Multiple spawn_agent calls in one assistant turn run in parallel; useful when independent investigations can proceed concurrently.

Recursion. Sub-agents may themselves spawn further sub-agents, so an agent can orchestrate a team. Nesting is bounded by session.subagent_max_depth (default 3; 1 reproduces the old “sub-agents can’t spawn” behavior, 0 disables spawn_agent entirely). Pass the optional max_depth parameter to tune how deep a given subtree may recurse; a built-in absolute cap always bounds real nesting so recursion can’t run away.

Permission. By default a sub-agent inherits the parent’s permission level. Pass the optional permission parameter (none / read / ask / write) to run it at a more restricted level: the value is clamped to the parent’s level as a ceiling, so a sub-agent can never be escalated above its parent. This lets a write-mode orchestrator hand untrusted or risky work to a read-only sub-agent.

skill

Loads a named skill’s instructions. Skills are user-defined knowledge packages stored in ~/.config/meka/skills/<name>/SKILL.md. The system prompt lists available skills with their description and when-to-use hint; the agent calls skill({"name": "<skill-name>"}) to load the full body. See Skills for how to author skills.

render_image

Displays an image the agent has in memory, as base64 bytes or in a scratchpad entry, as a multimodal content block. Complements fetch_url (network) and read_file (local file) by covering the third case: image data produced on the fly by a command pipeline.

Typical workflow:

execute_command({"command": "ffmpeg -i input.mp4 -vframes 1 -f image2pipe pipe: | base64 -w0", "scratchpad": "frame"})
render_image({"from_scratchpad": "frame"})

Parameters:

NameTypeRequiredDescription
from_scratchpadstringone of twoName of a scratchpad entry containing base64-encoded image bytes
base64stringone of twoBase64-encoded image bytes, passed inline

Exactly one of from_scratchpad or base64 must be provided. Prefer from_scratchpad for large images; inline base64 inflates tool-call JSON.

The bytes must decode to a supported raster image. PNG, JPEG, GIF, WebP, and BMP pass through unchanged; TIFF, ICO, HDR, EXR, TGA, PNM, QOI, DDS, and Farbfeld are auto-converted to PNG. Size cap is ~3.75 MB on the final payload.

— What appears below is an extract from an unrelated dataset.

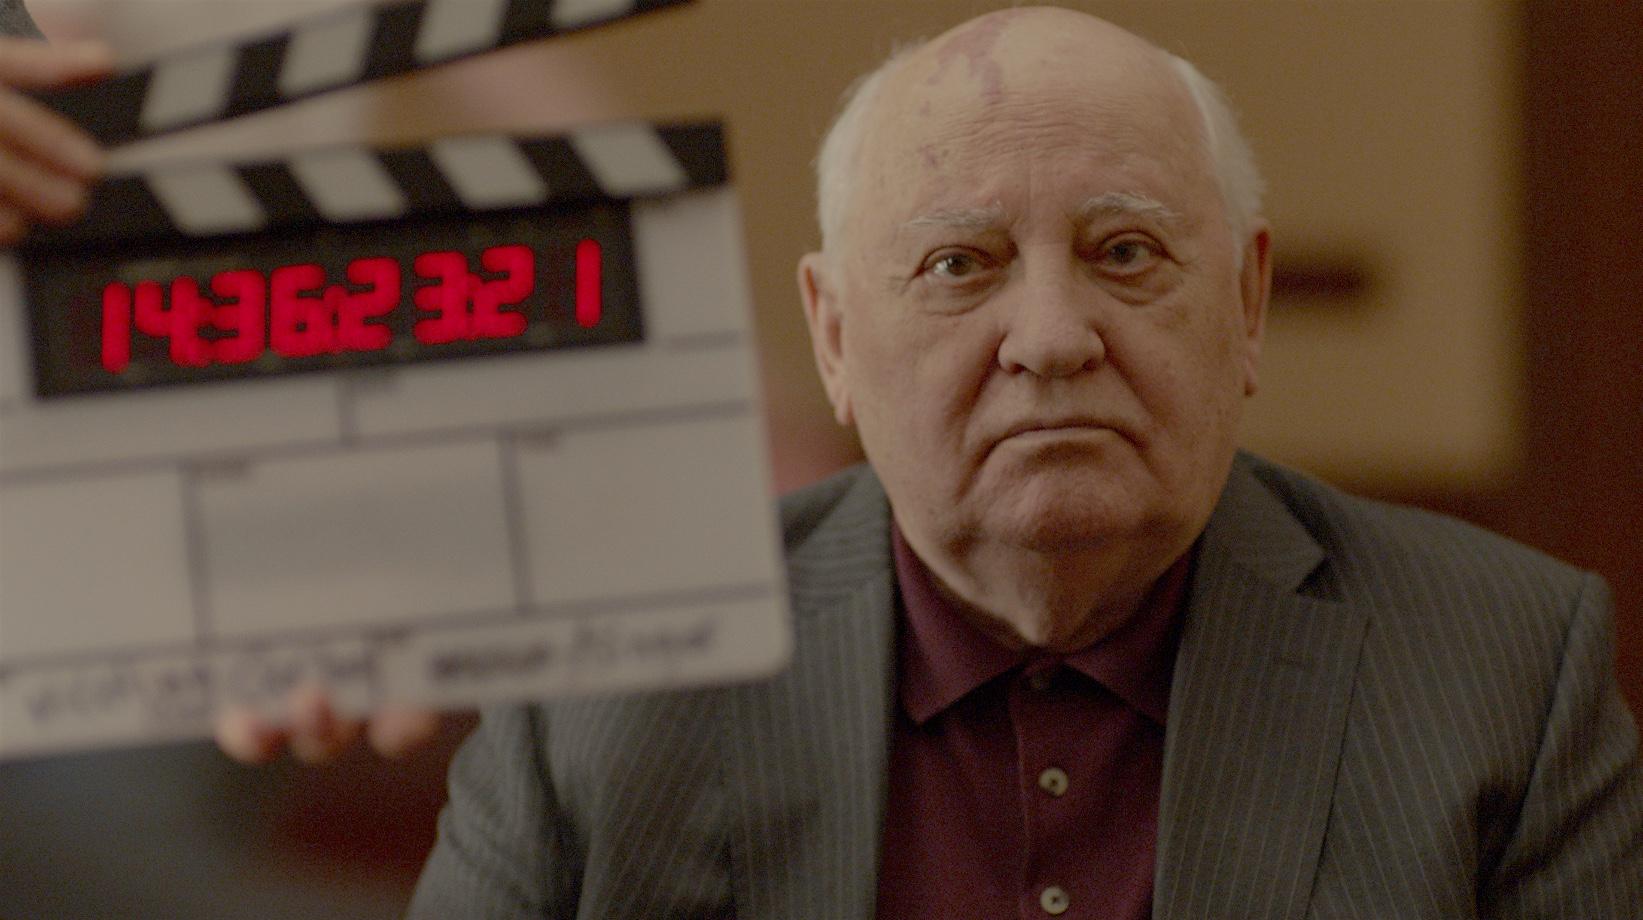 Gorbaciov_HERZOG INCONTRA GORBACIOV

Only call render_image when the current model supports vision input.

recall / recall_read

Search and re-read this session’s full conversation, including earlier turns that compaction summarized and removed from the model’s context. Compaction never deletes turns (it appends a boundary and hides the older ones); these tools read straight from the on-disk event log, so a detail the compaction summary dropped is still recoverable.

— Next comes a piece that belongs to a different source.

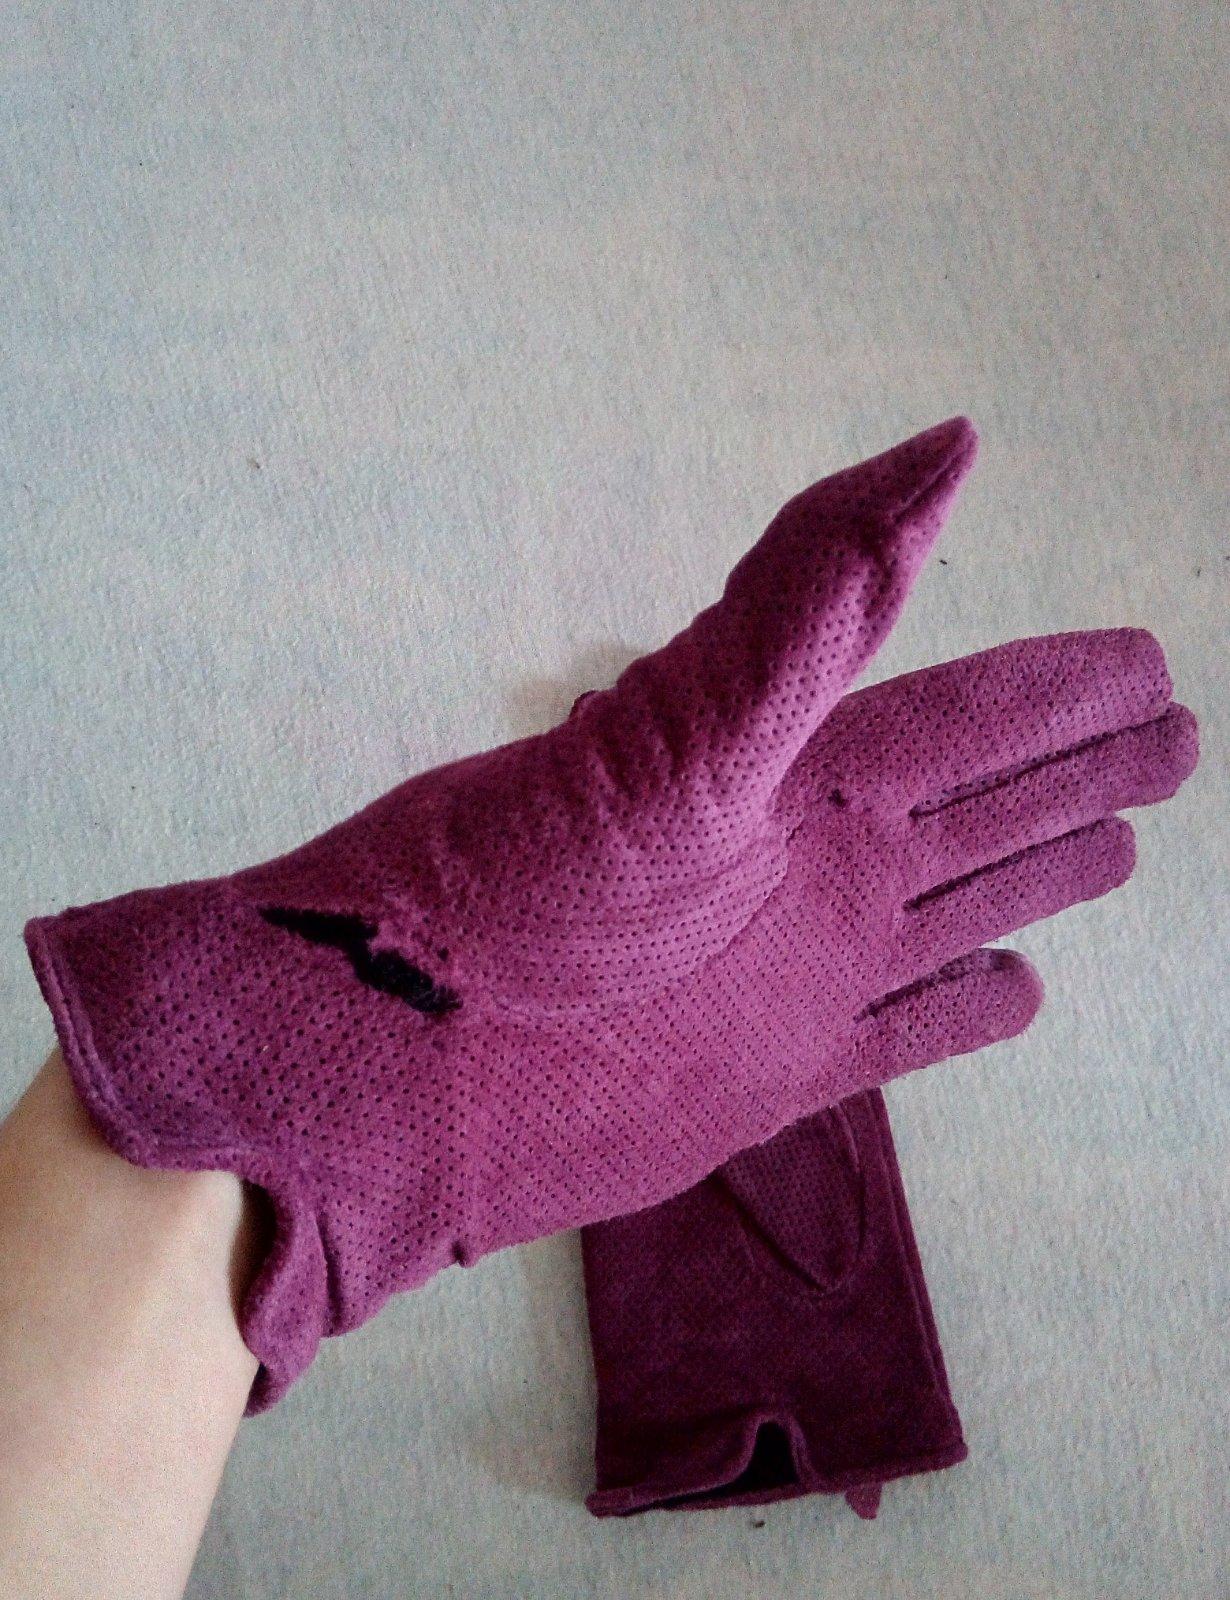 Fialové kožené rukavice Reserved S - Obrázok č. 4

recall searches and returns matching lines, each tagged with a message index (#N) and role:

recall({"query": "auth token", "regex": false, "limit": 20})
  • query (required) — text to search for; a literal substring (case-insensitive) unless regex is set.
  • regex — treat query as a case-sensitive regular expression. Default: false.
  • limit — maximum matches to return (capped at 100). Default: 20.

recall_read reads turns by the #N index that recall reports:

recall_read({"start": 47, "count": 3})
  • start (required) — 1-based message index to read from.
  • count — number of consecutive messages to read (max 20). Default: 1.
  • scratchpad — save the output to a scratchpad entry instead of returning it inline.

After a compaction, the summary message reminds the agent that these tools exist. Large tool outputs appear as <large-output> references in both recall and recall_read results (rather than inlining the full payload); read their full content with scratchpad_read.

Redirecting output to the scratchpad

Several tools (execute_command, find_files, search_contents, fetch_url, spawn_agent) accept an optional scratchpad parameter that redirects their output to a named scratchpad entry instead of returning it inline. When this parameter is set, the tool produces its full, untruncated output: internal result-count caps (find_files 200, search_contents 100) and length caps (fetch_url max_length) are lifted for the scratchpad-bound result.